▶ **Activity**:
When you reach the line containing "18th Century lacquered wood chandelier.", please repeat it and every line after it exactly, through the end of the listing below, skipping pictures.

▶ **Data**:
****

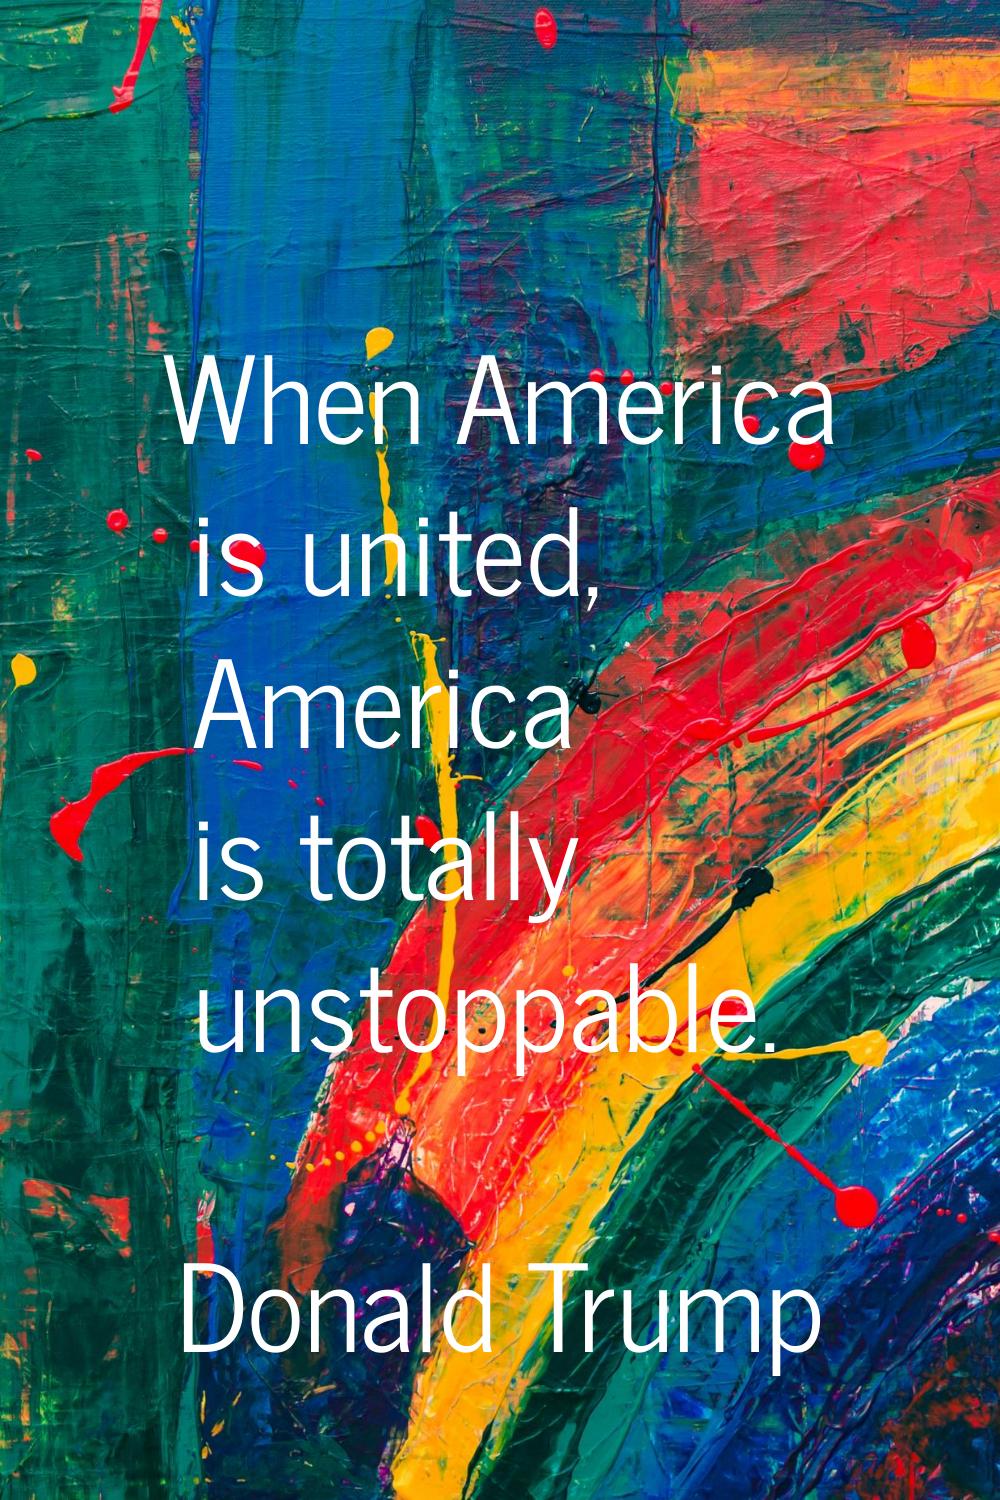 When America is united, America is totally unstoppable.
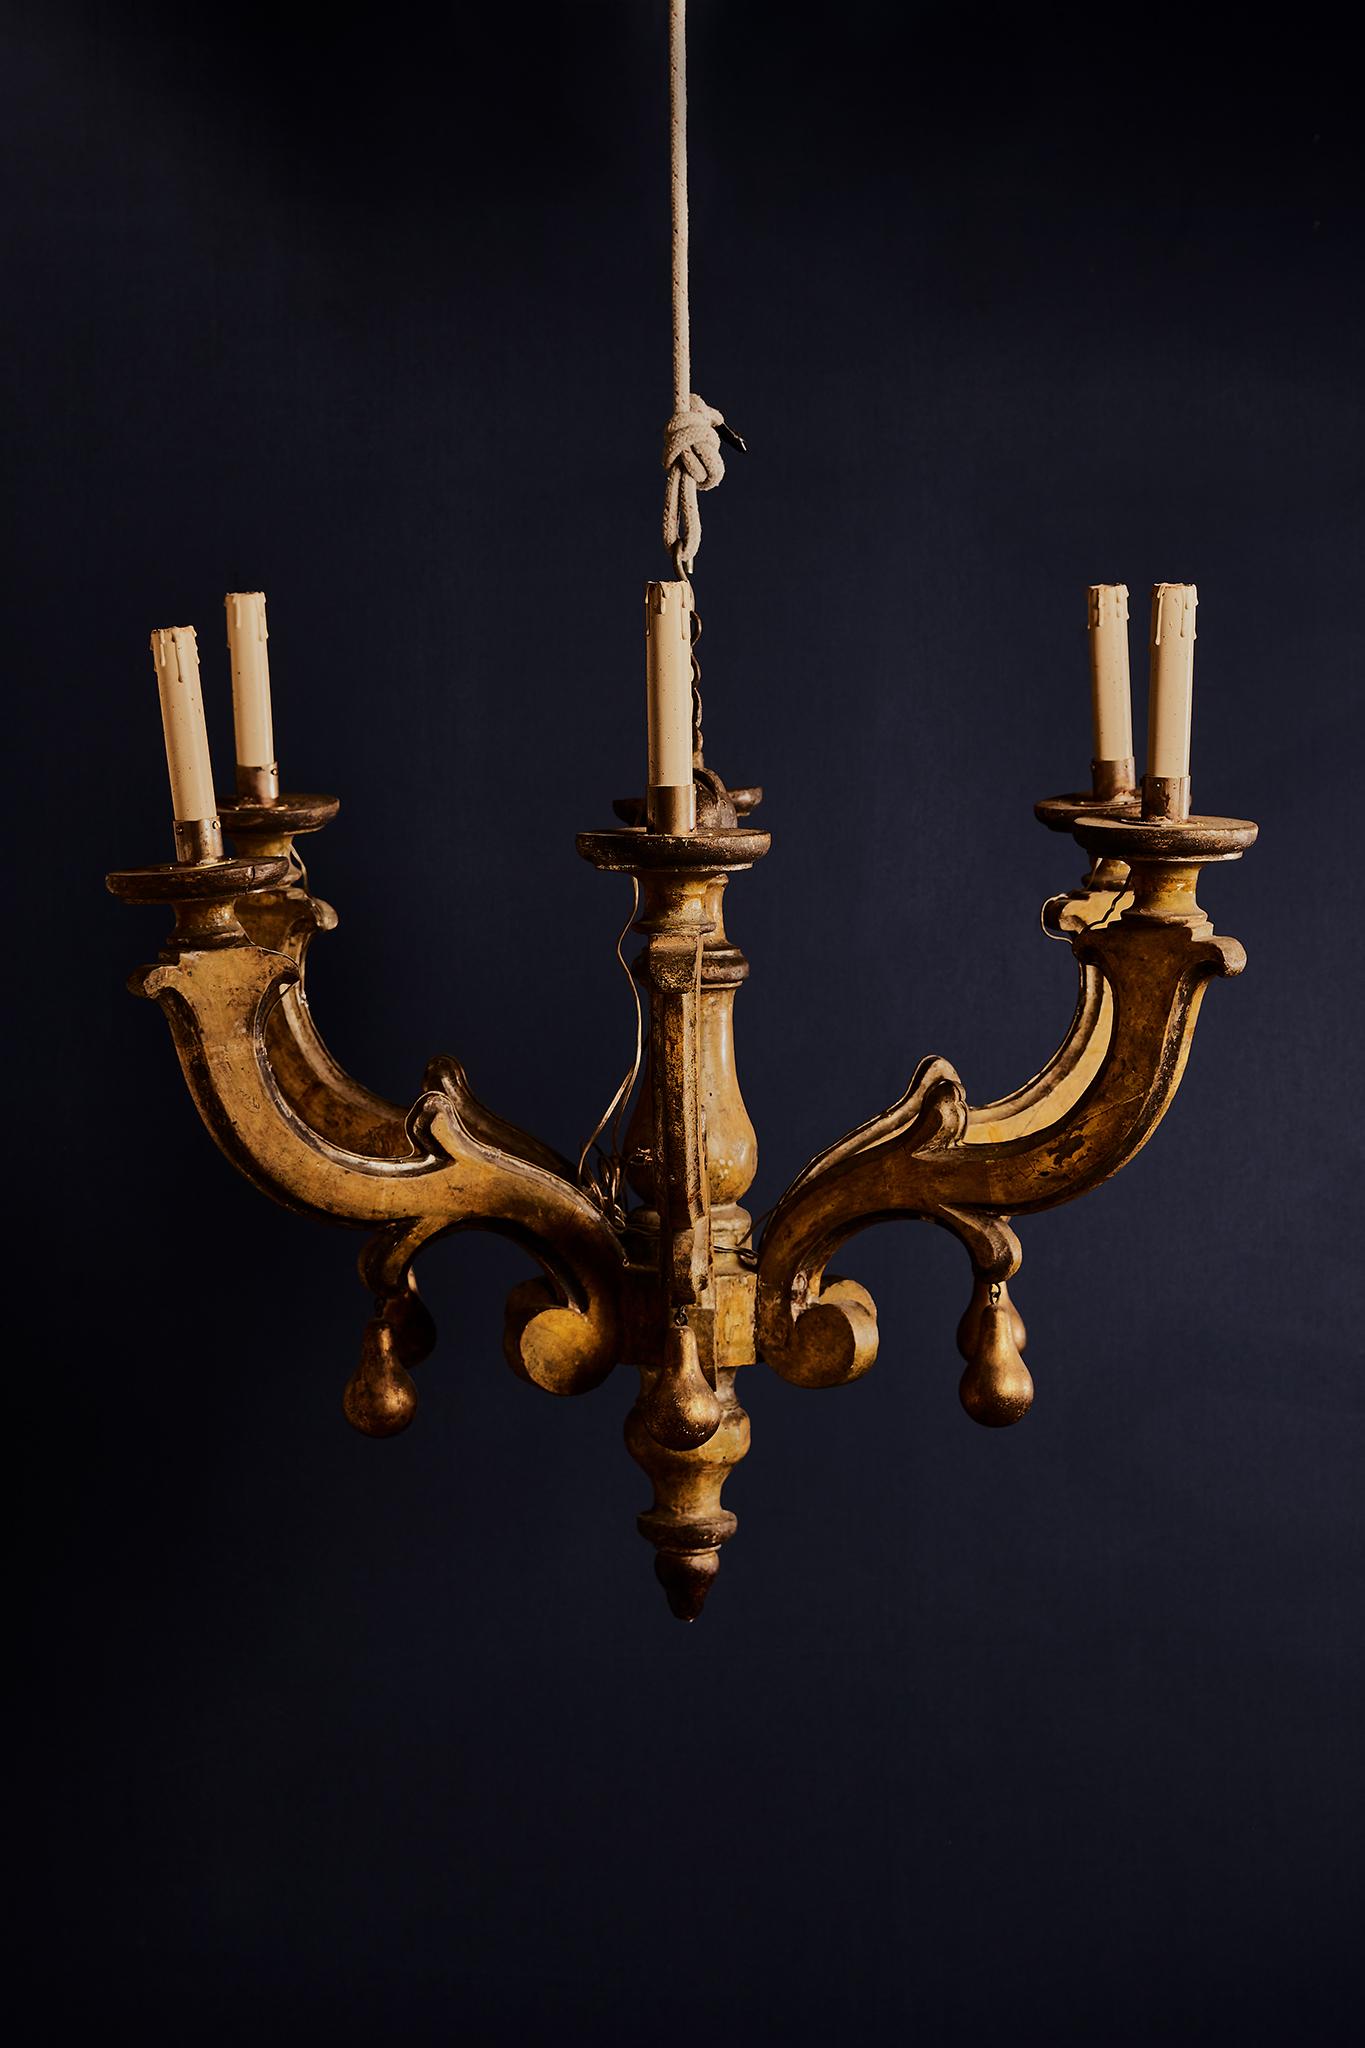 18th Century lacquered wood chandelier.
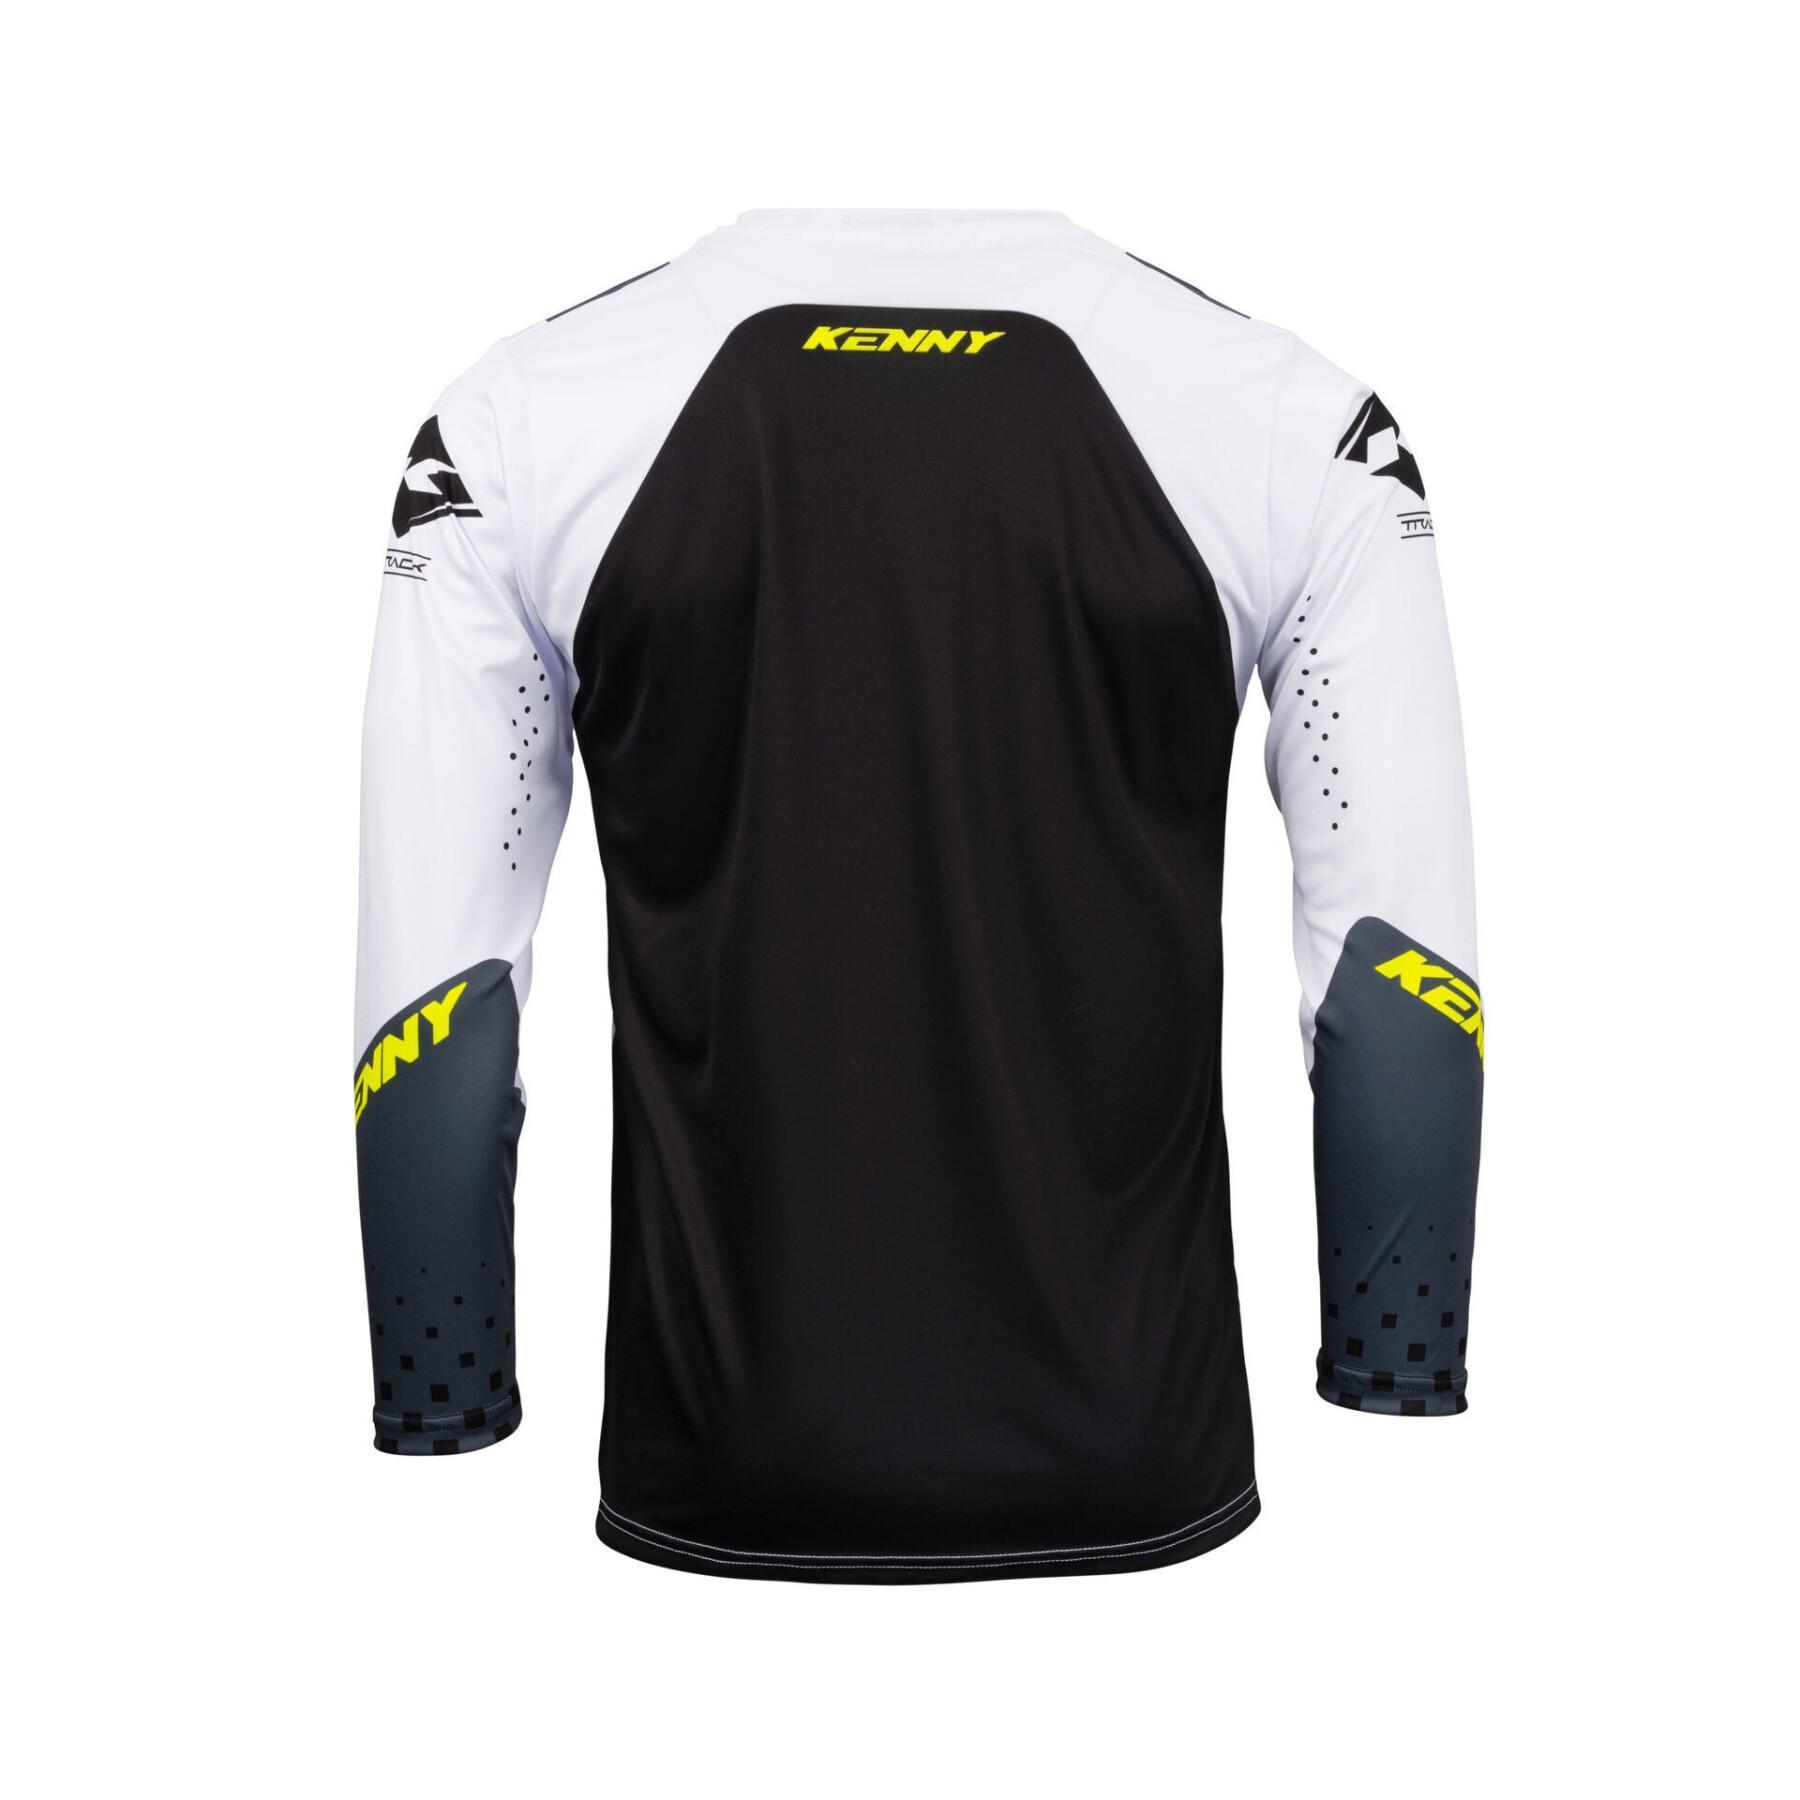 Motorcycle cross jersey Kenny Track Focus

****

▶ **Output of the exercise**:
 18th Century lacquered wood chandelier.
 Motorcycle cross jersey Kenny Track Focus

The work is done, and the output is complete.